What to expect in the debates?

The favorite: Al Gore. He's looked good in past performances, particularly against Ross Perot and Jack Kemp. He's an especially effective counter-puncher.

The underdog: Gov. George W. Bush. He's never showed himself to be much above average as a debater. And journalists have painted a picture of him as not being as smart as Vice President Gore.

What the TV audience will be looking for: Over the years I've asked many viewers what they expected to get out of the debates, and their answers invariably run something like, "I'm sizing up the candidates."

That's what happens. People don't sit around their TV sets and score the contestants. The commentators do. But the public, for the most part, watches and "sizes up" the contestants. And what does that mean? It means, I think, that viewers have one overriding question on their minds as they draw up close to their televisions, and it is this: Which man is best fitted to run this country?

Sure, people want to know where the debaters stand on the issues. But most of their attention is on the personalities. Who is more knowledgeable? But, also, who shows more strength, more poise, more good humor? And, certainly, who is more likable?

But in this search for which of the two combatants possesses more of these and other admired traits, the viewers, again, are really seeking the answer to this big question: Who would make a better leader?

The polls, incidentally, have always shown Bush ahead of Gore on this question. Peter Hart, a highly regarded Democratic pollster, told us the other day at a Monitor breakfast that, in the tight race now emerging, the Texas governor still has a "few points" over Gore in the leadership category.

Still, I'll stay away from any predictions. Gore will be brilliant. But will he become overaggressive and appear arrogant and overbearing? Bush will be earnest and loose, maybe even funny. But will he fail the intelligence test, particularly as he tries to explain some of his complex plans?

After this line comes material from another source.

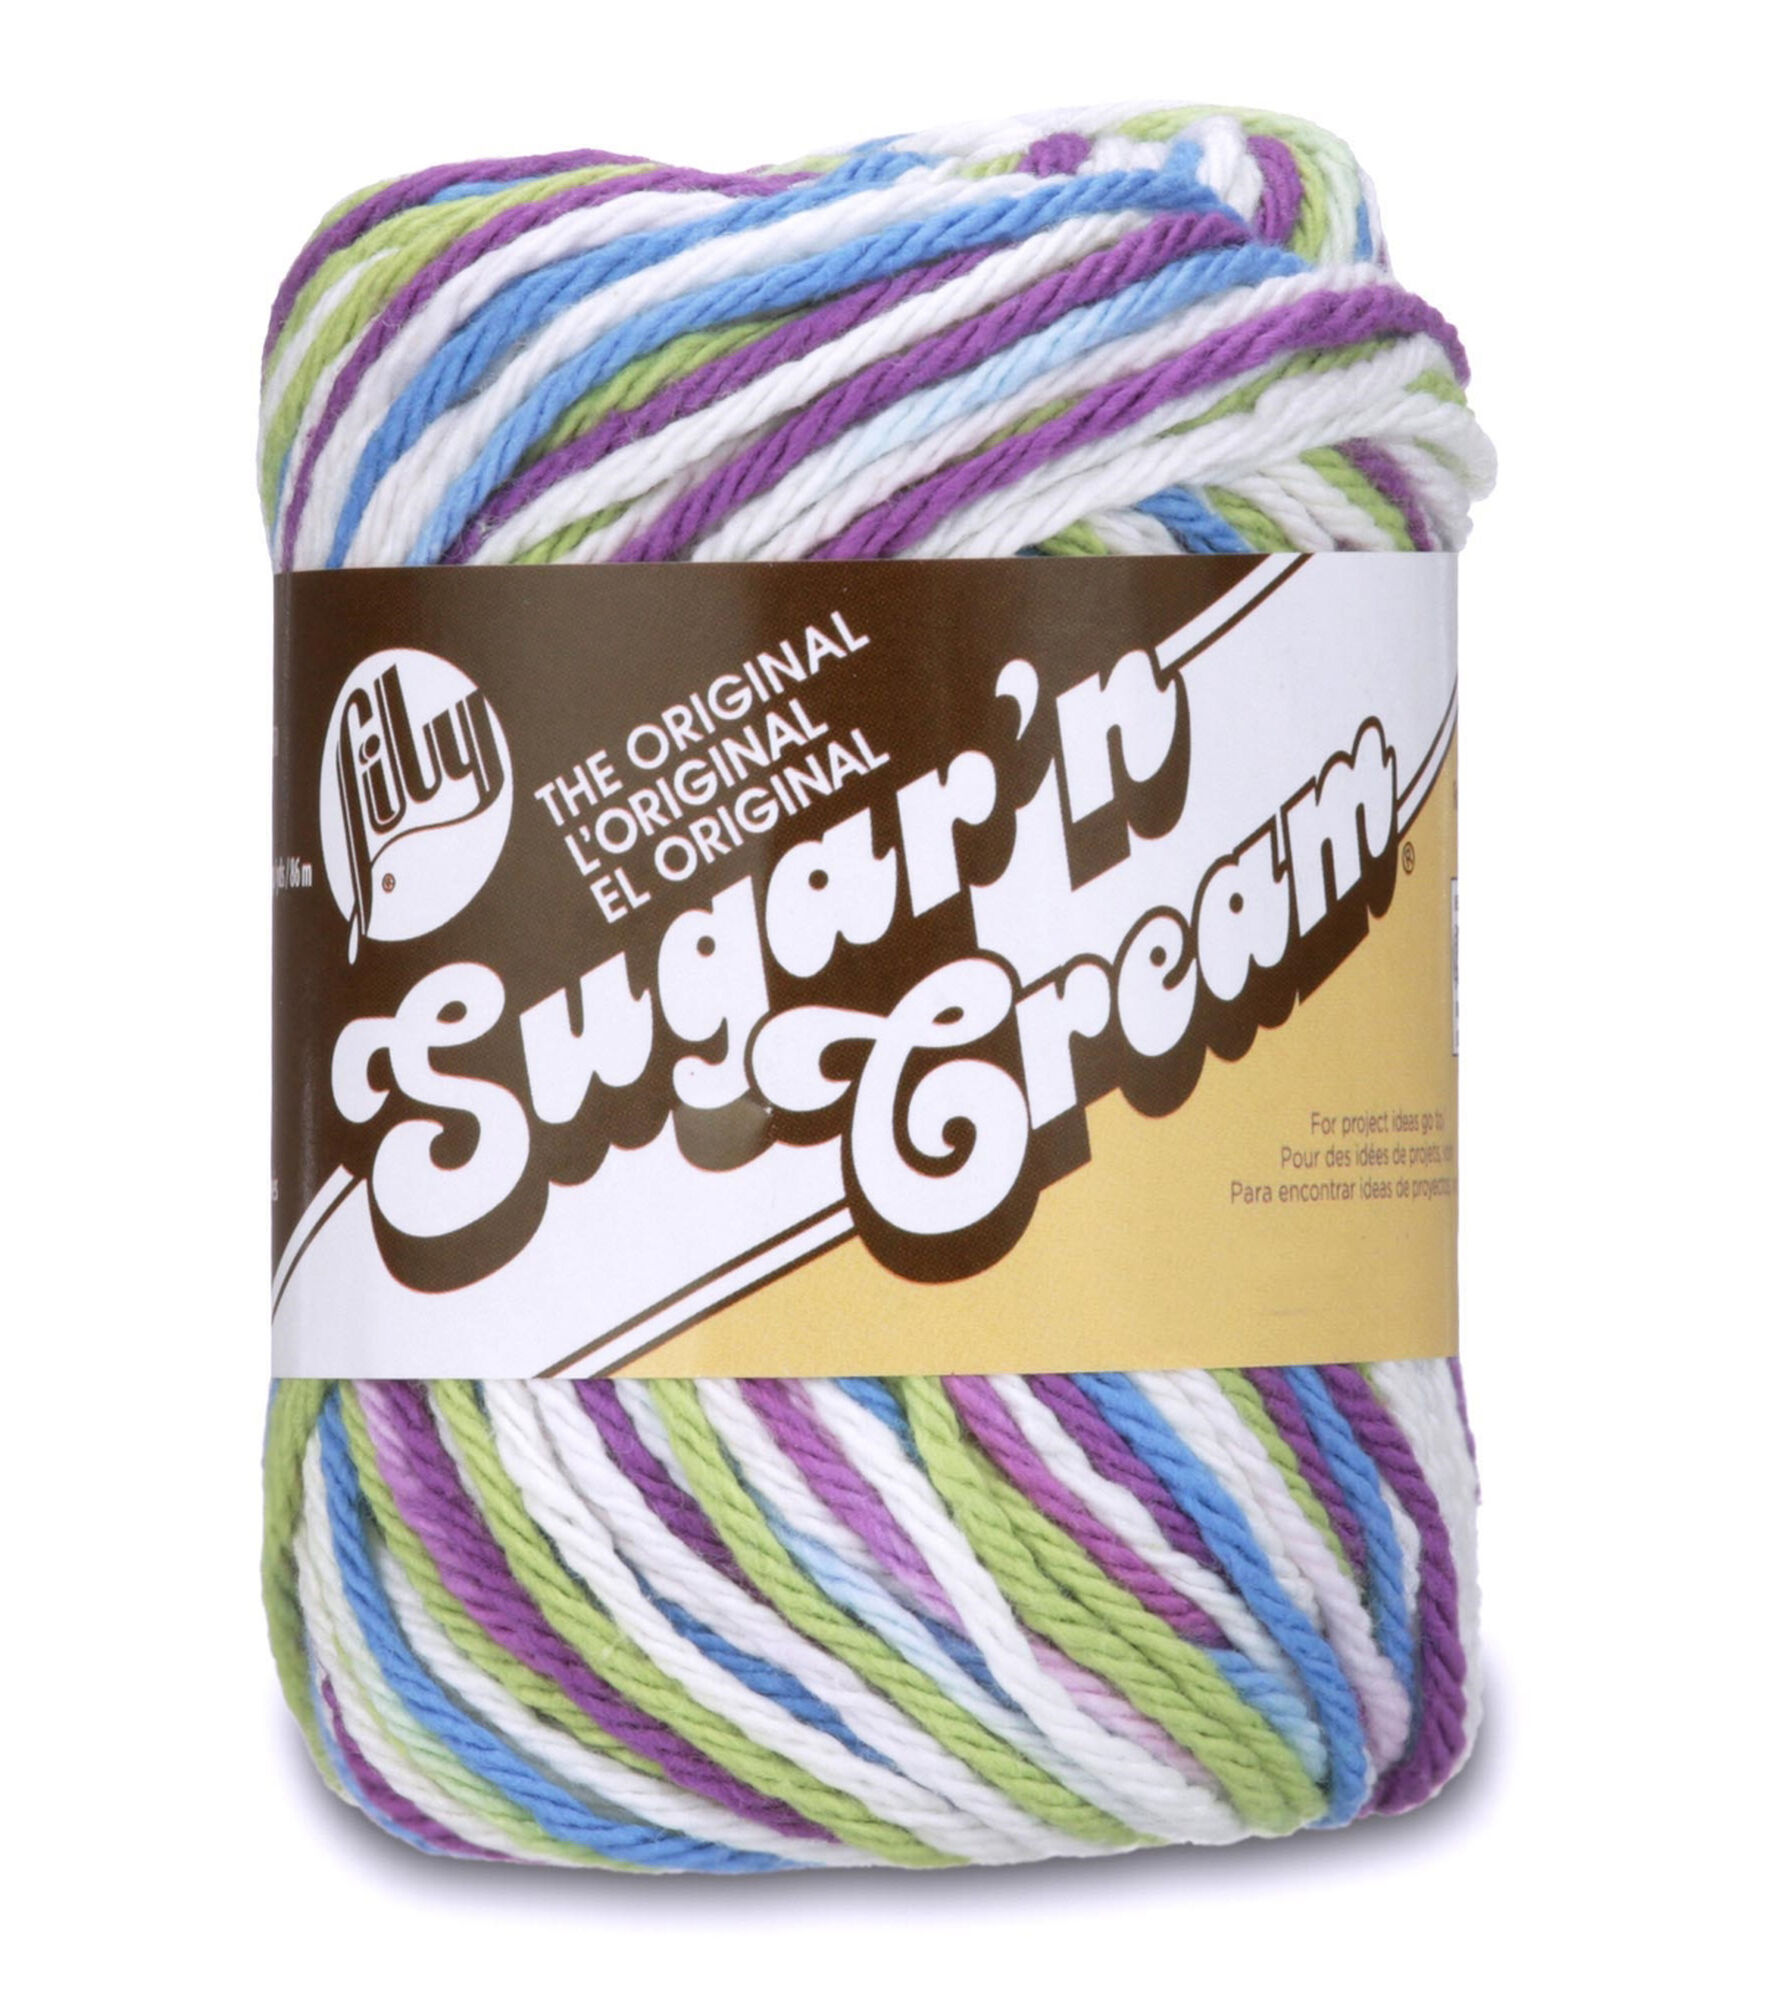 Lily Sugar'N Cream Love Yarn - 6 Pack of 57g/2oz - Cotton - 4 Medium  (Worsted) - 95 Yards - Knitting/Crochet

This year the debates hold the potential for deciding the election. Often in the past, public opinion was running too strongly toward one or the other candidate to permit the debates to determine the election outcome.

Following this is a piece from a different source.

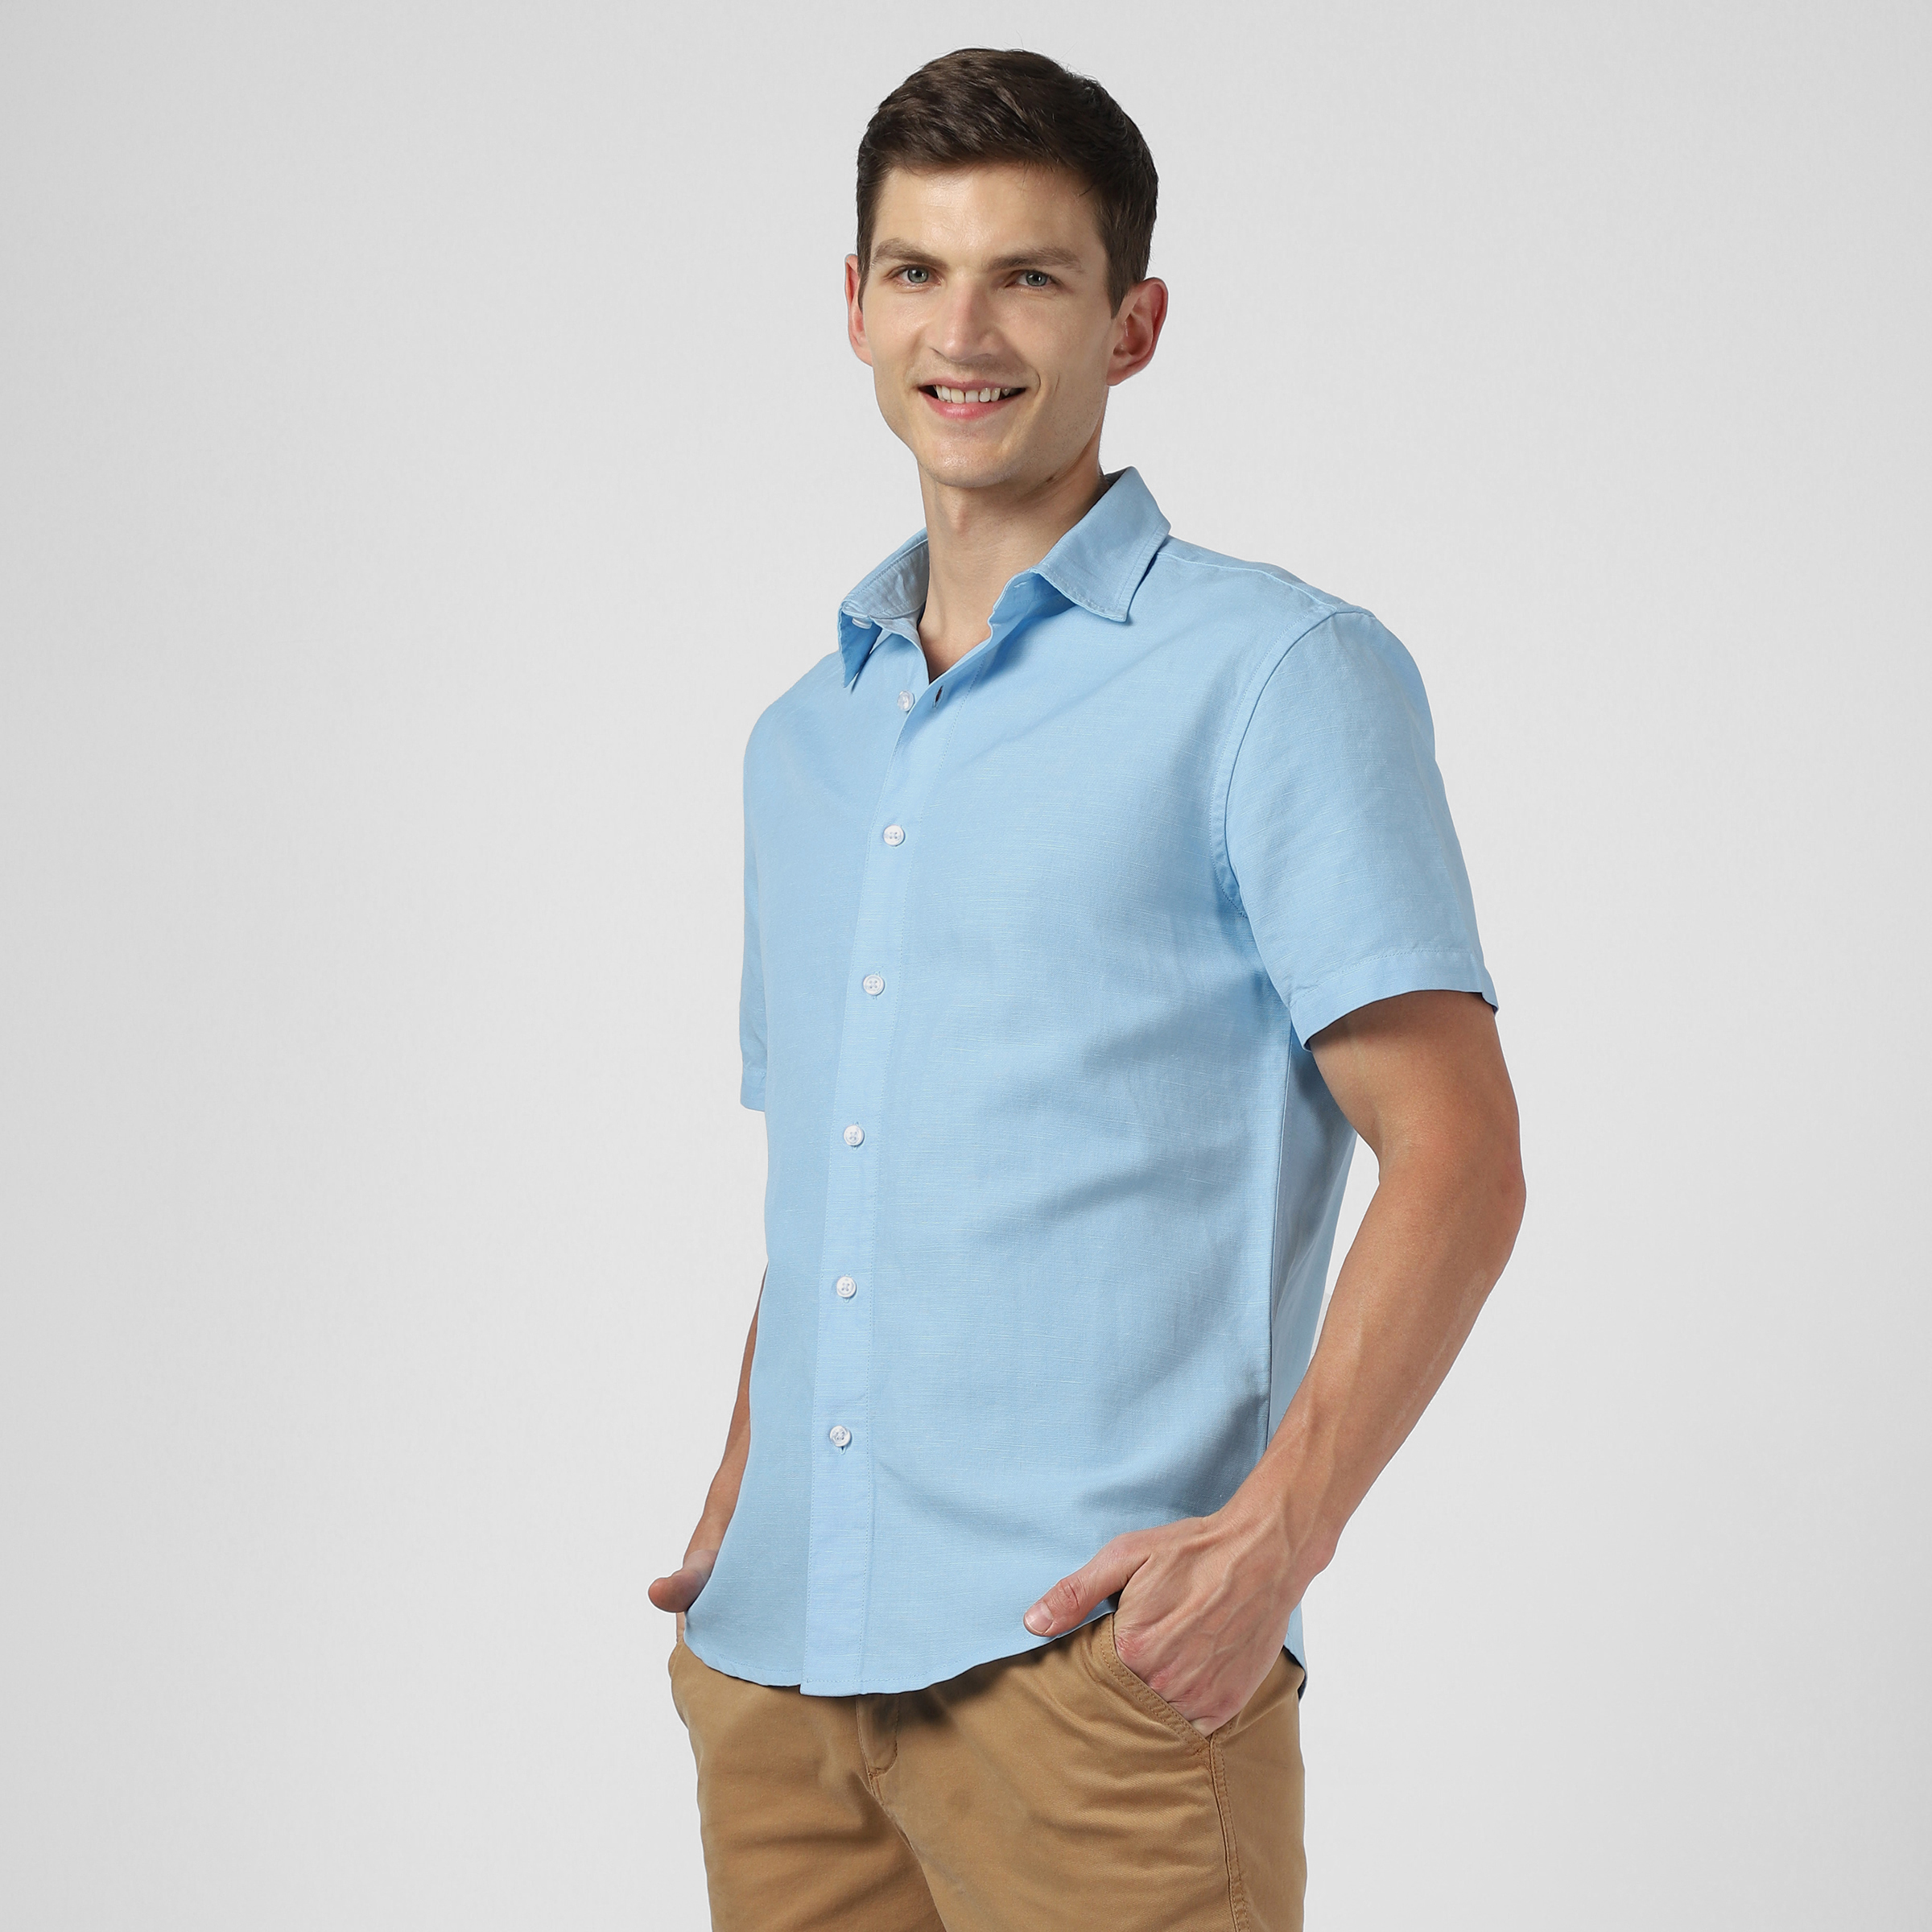 Retreat Linen Shirt Cool Blue right side on model

One such decisive impact occurred in 1960, the year of the first presidential debates. That race was so close that the loser, Richard Nixon, almost called for a recount. Nixon was well ahead of John F. Kennedy before their debate, in large part because not too many people knew Kennedy outside of Massachusetts. When the public looked at Kennedy and liked what they saw, Kennedy took a slim lead over Nixon and held it to the end.

Another decisive impact occurred in the last Ford-Carter debate in 1976. Ford had just caught up to former President Carter and seemed to be forging ahead when he committed a major gaffe in a TV encounter, giving the impression that he believed the Soviet Union no longer had a dominant hold in East Europe. He immediately dipped in the polls and was never able to climb back, although the outcome was extremely close.

In my view, those have been the only presidential debates with "decisive impact." I know some observers contend that the Reagan quips amounted to knockdown blows in his debates, first with Carter and four years later with Mondale. But I never thought those debates changed anything decisively.

Carter had already lost because he hadn't persuaded the voters he was an effective president. Remember the American hostages in Iran? His vice president, Walter Mondale, as a presidential candidate, never got out from under Carter's shadow.

I never thought that the two times former President George Bush debated really changed anything.

But this time? Yes, this time the debates could make a difference.